# Work task:
What are the lines, word for word, from the line with "Теплые брюки на мужчин баталы тм. FORE 1095G" up to and including the line with "The Eminem Show - 1" in the records below? Omit the pictures.

# Data shown:
BEGIN

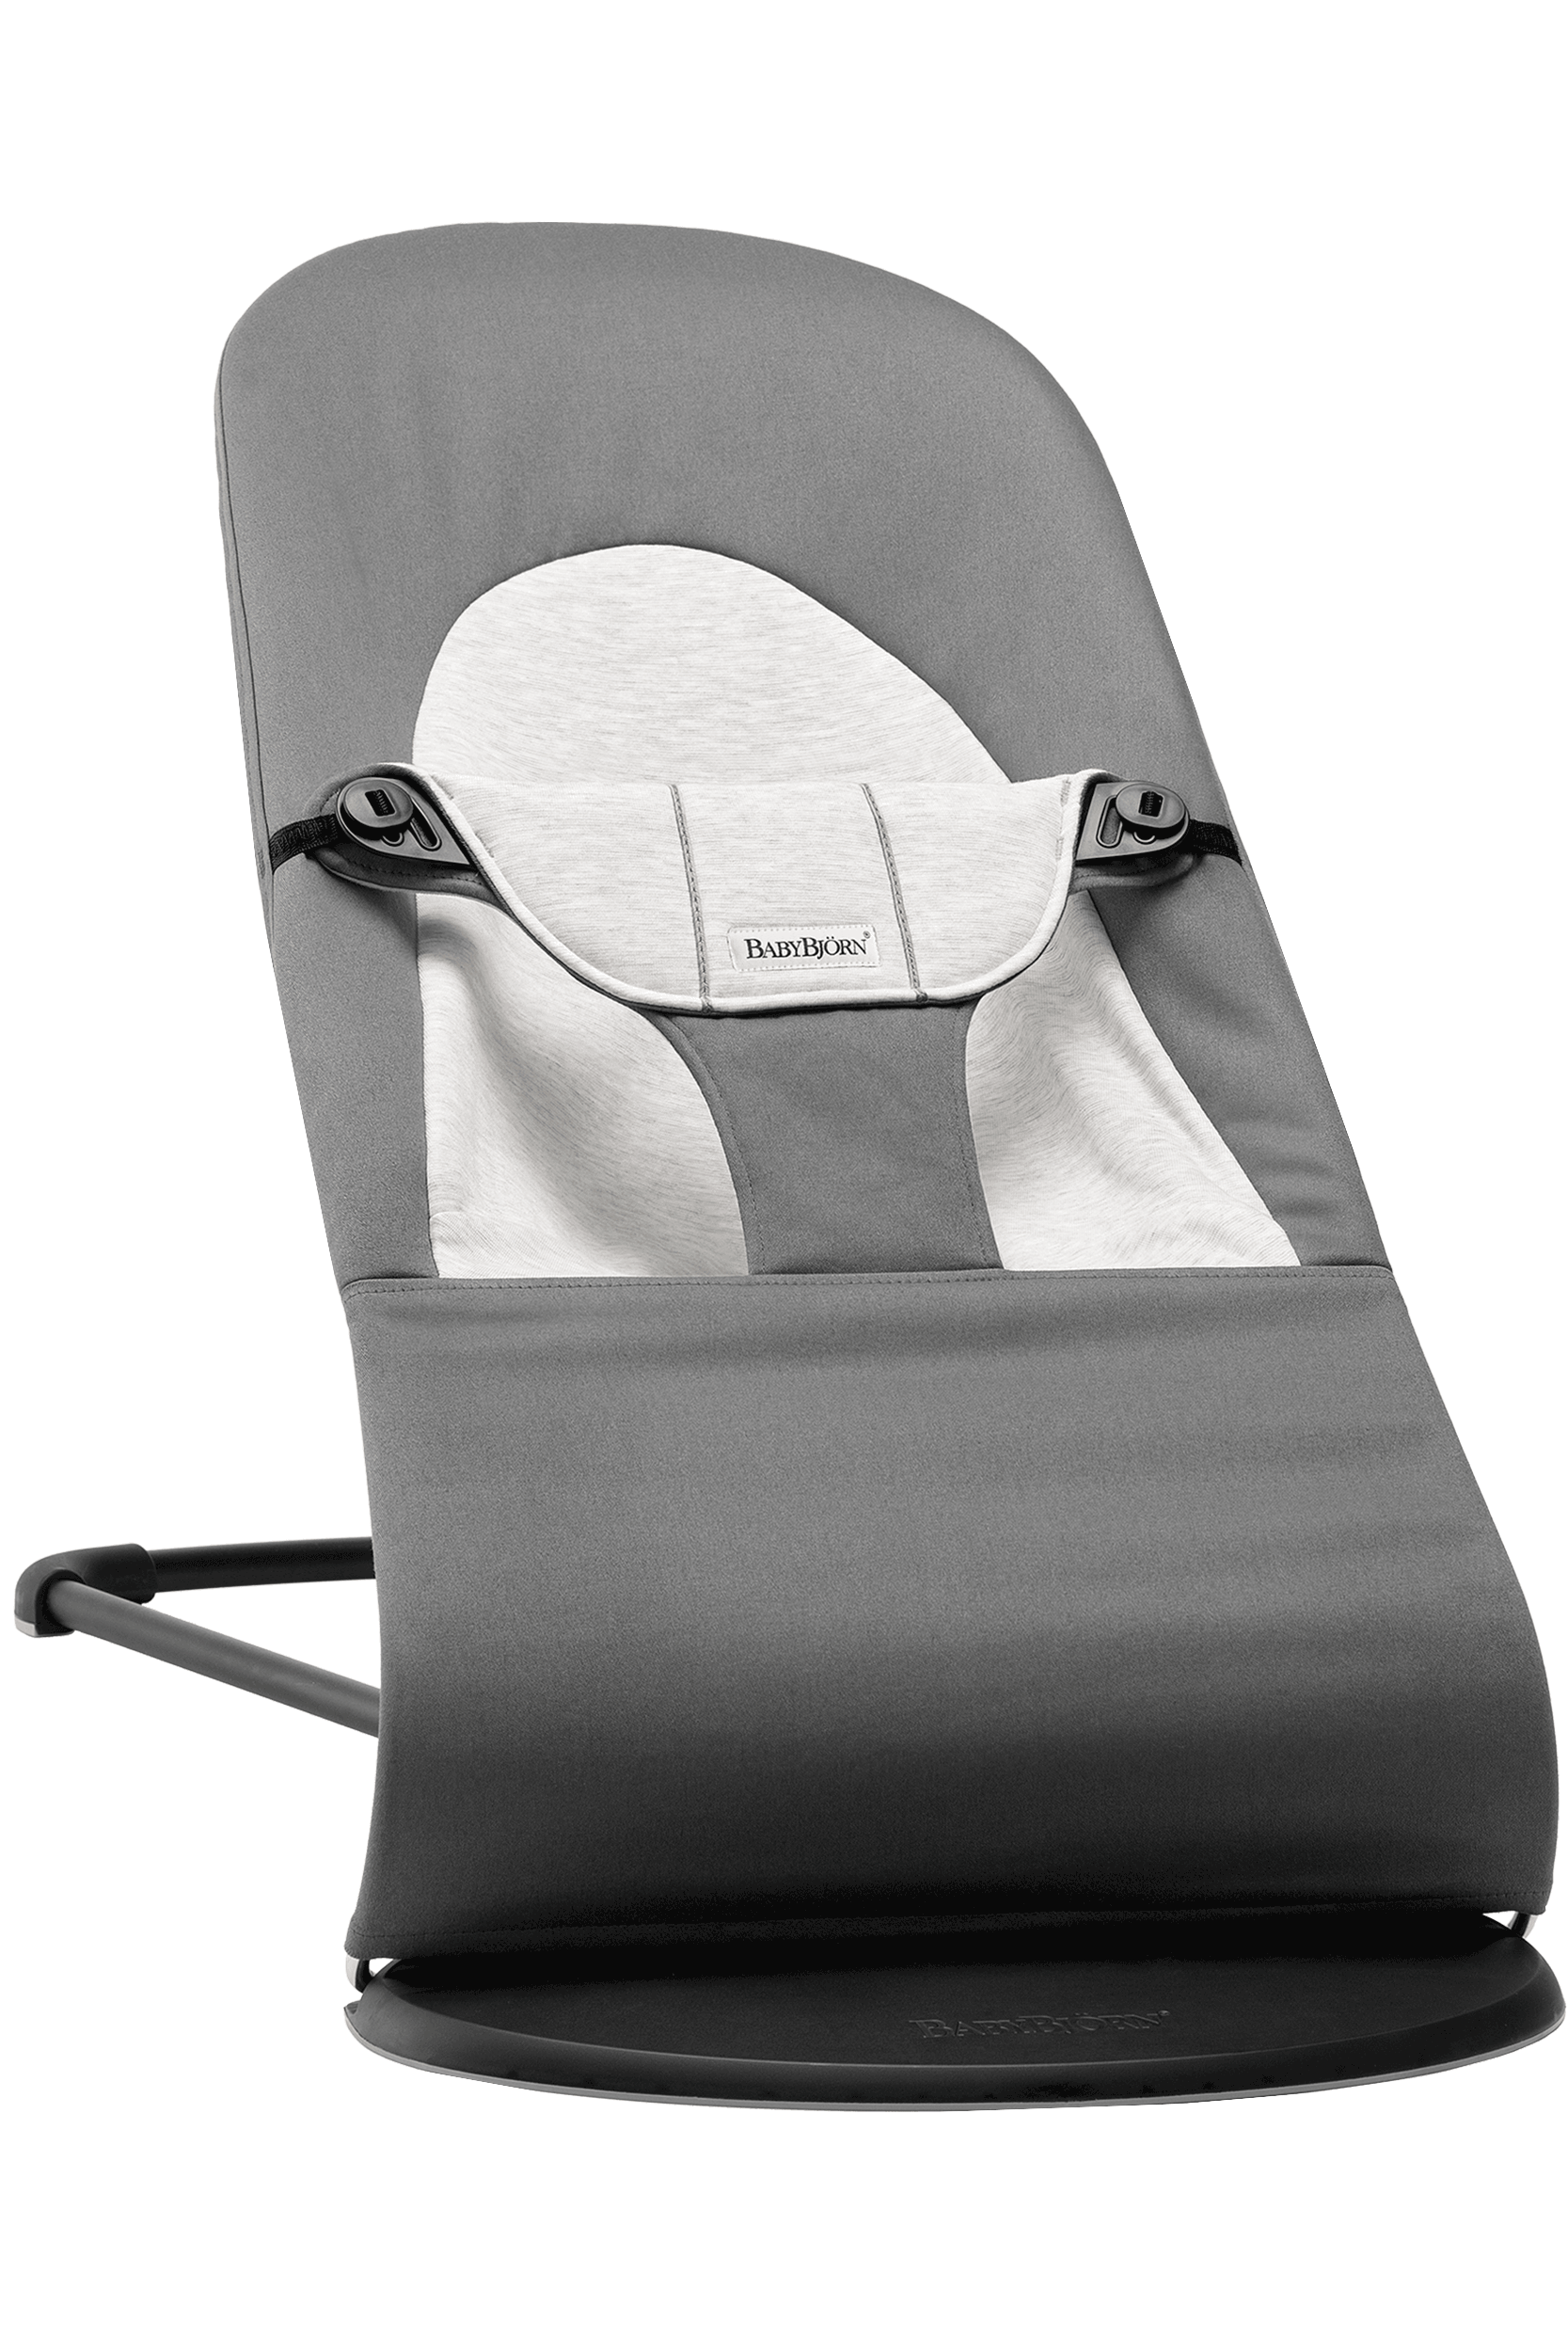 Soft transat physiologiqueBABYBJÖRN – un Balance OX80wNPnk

END
BEGIN

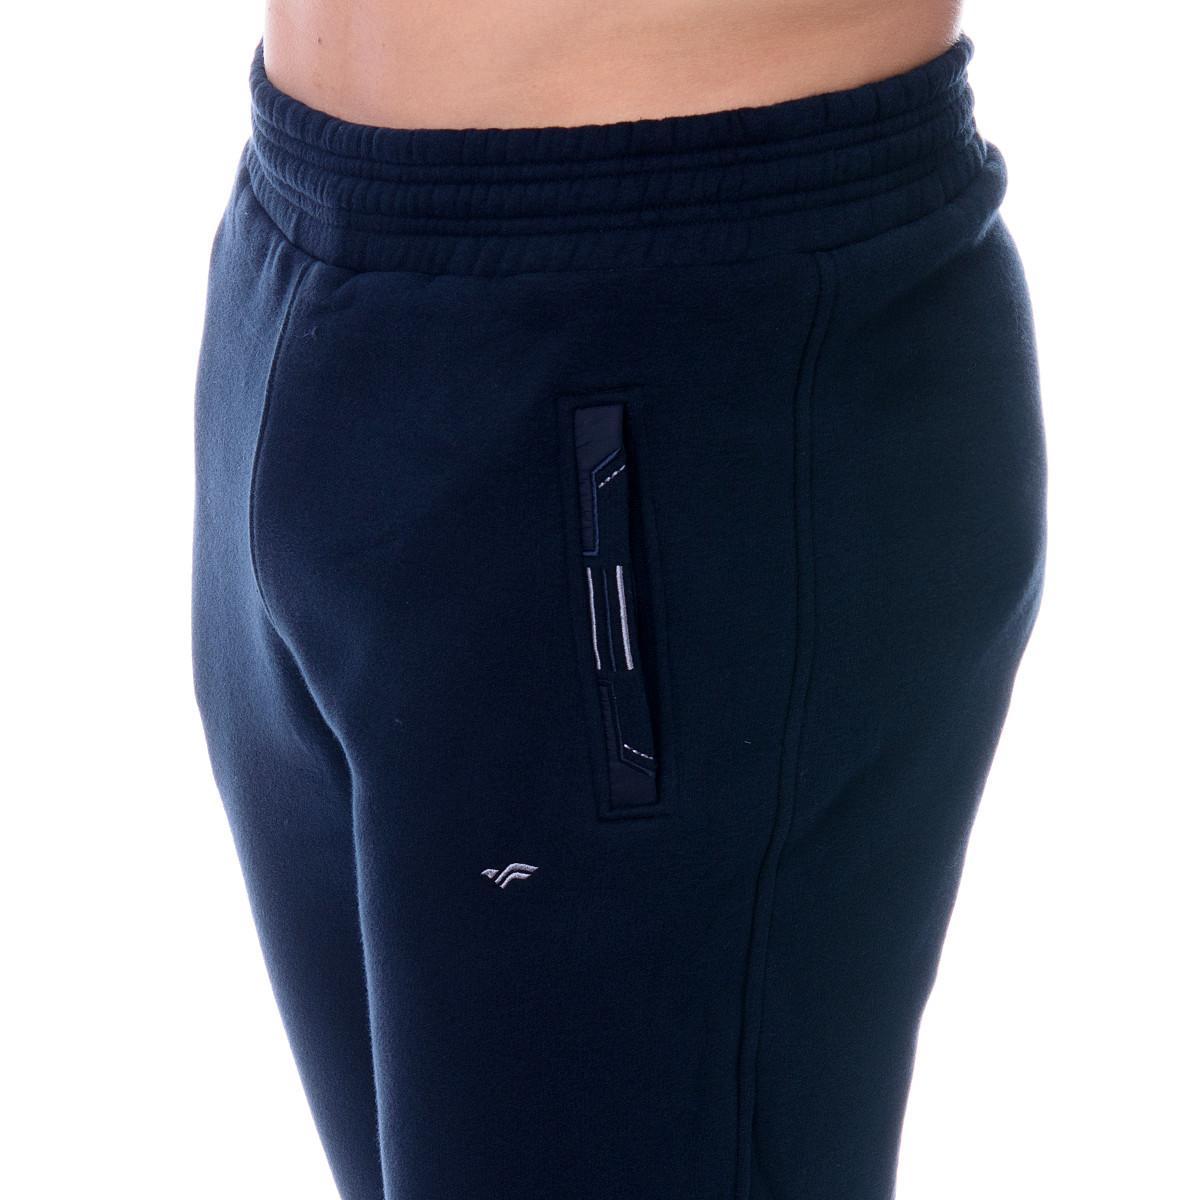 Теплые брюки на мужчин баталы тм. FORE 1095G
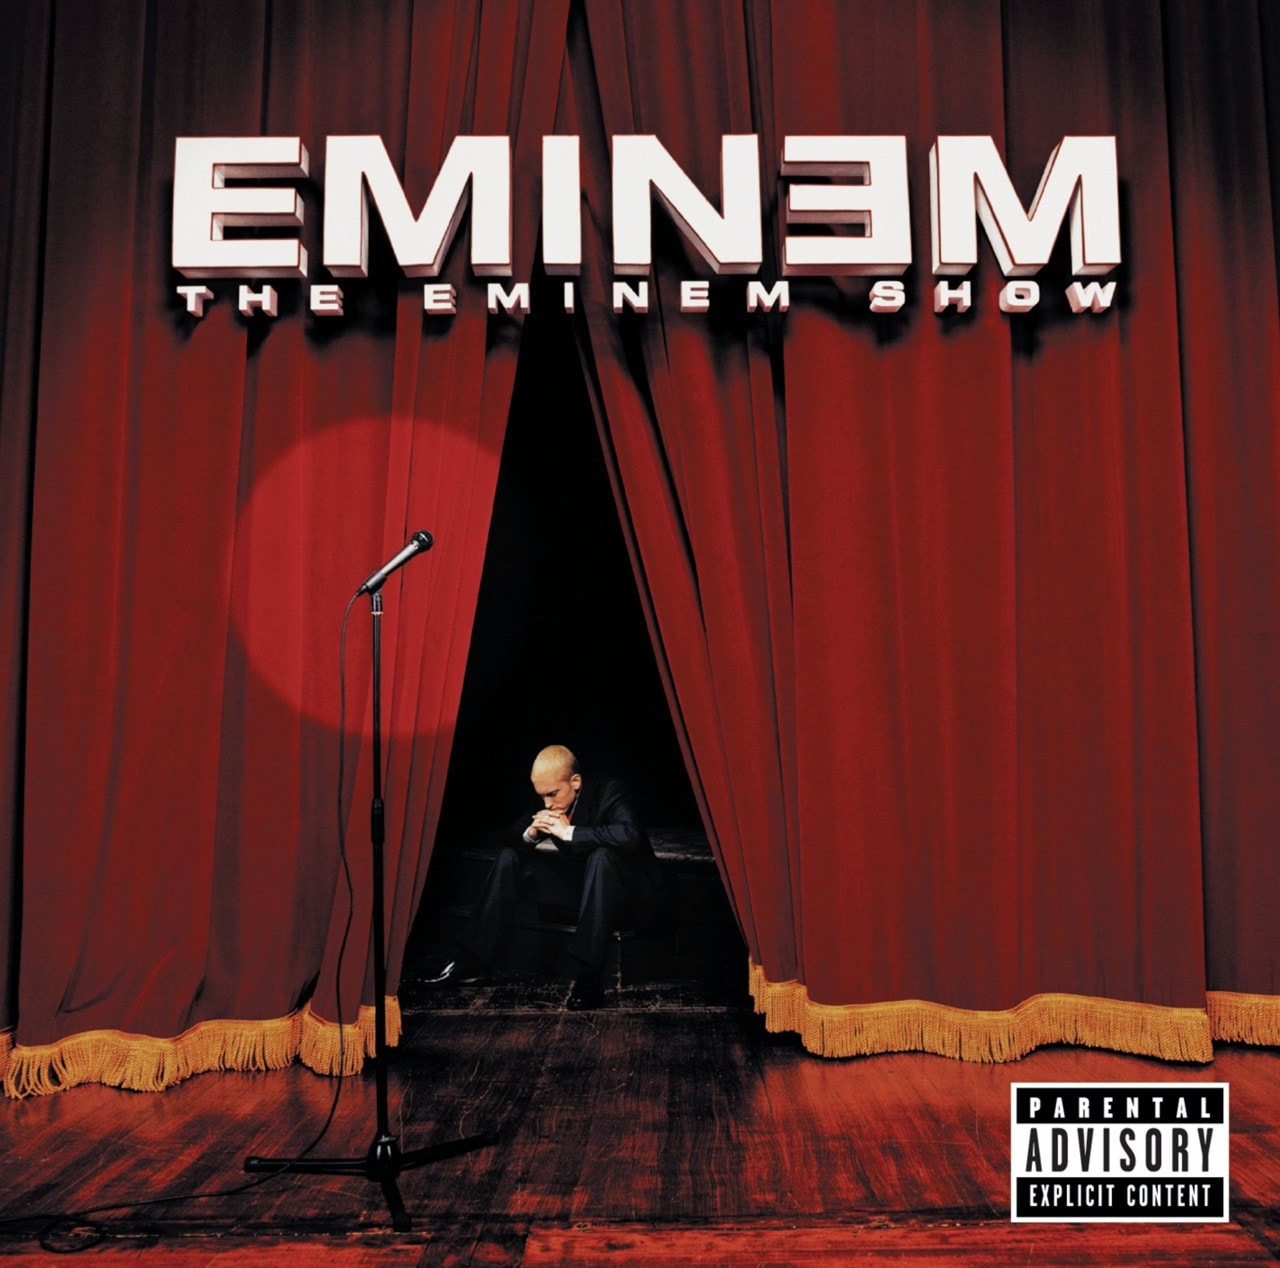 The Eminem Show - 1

END
BEGIN

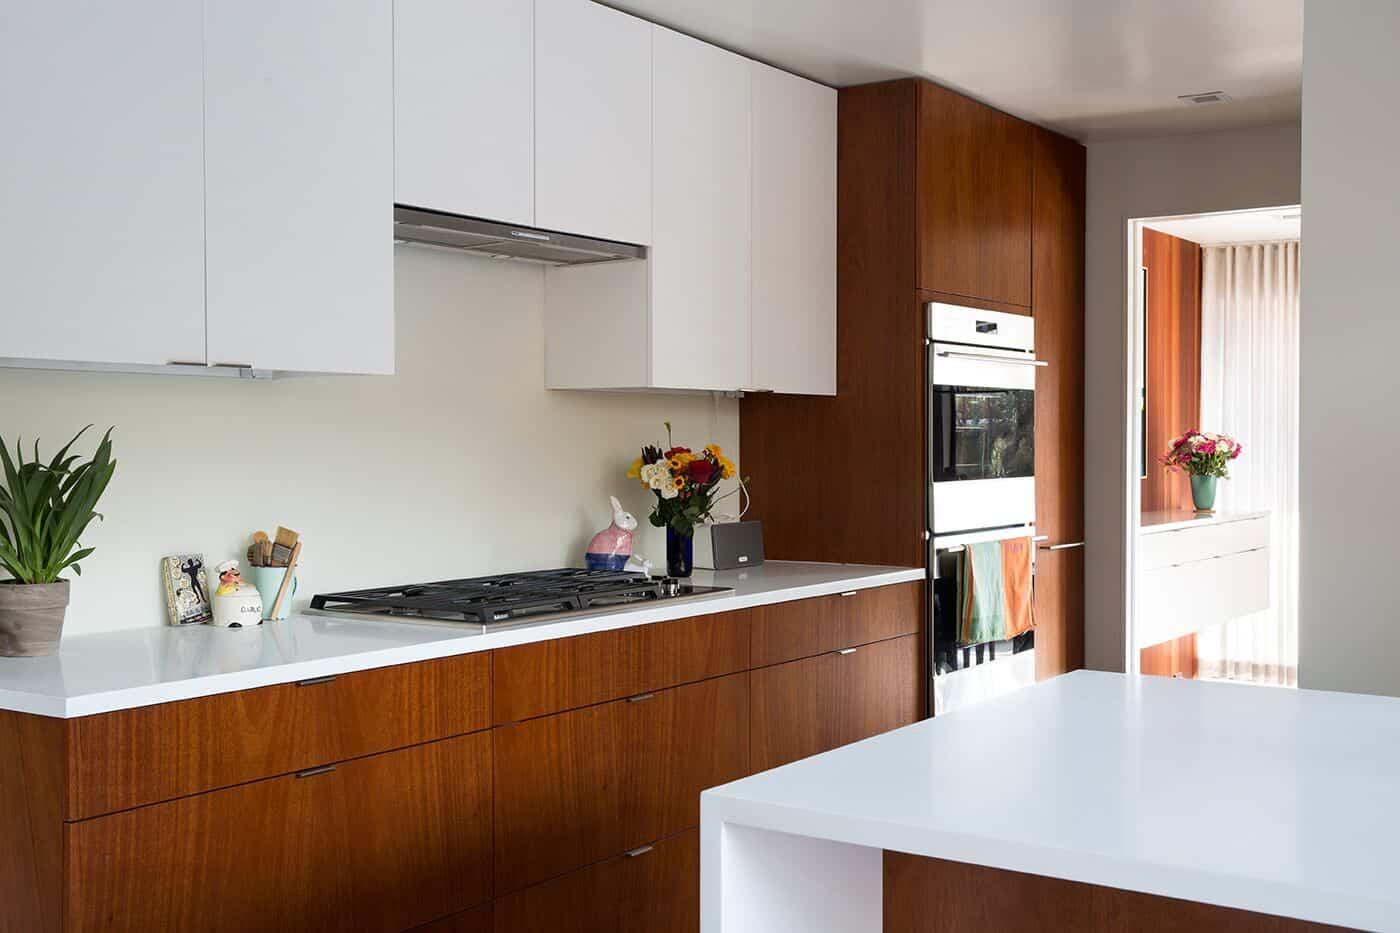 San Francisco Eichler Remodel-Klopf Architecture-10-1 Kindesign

END

# The answer:
 Теплые брюки на мужчин баталы тм. FORE 1095G
 The Eminem Show - 1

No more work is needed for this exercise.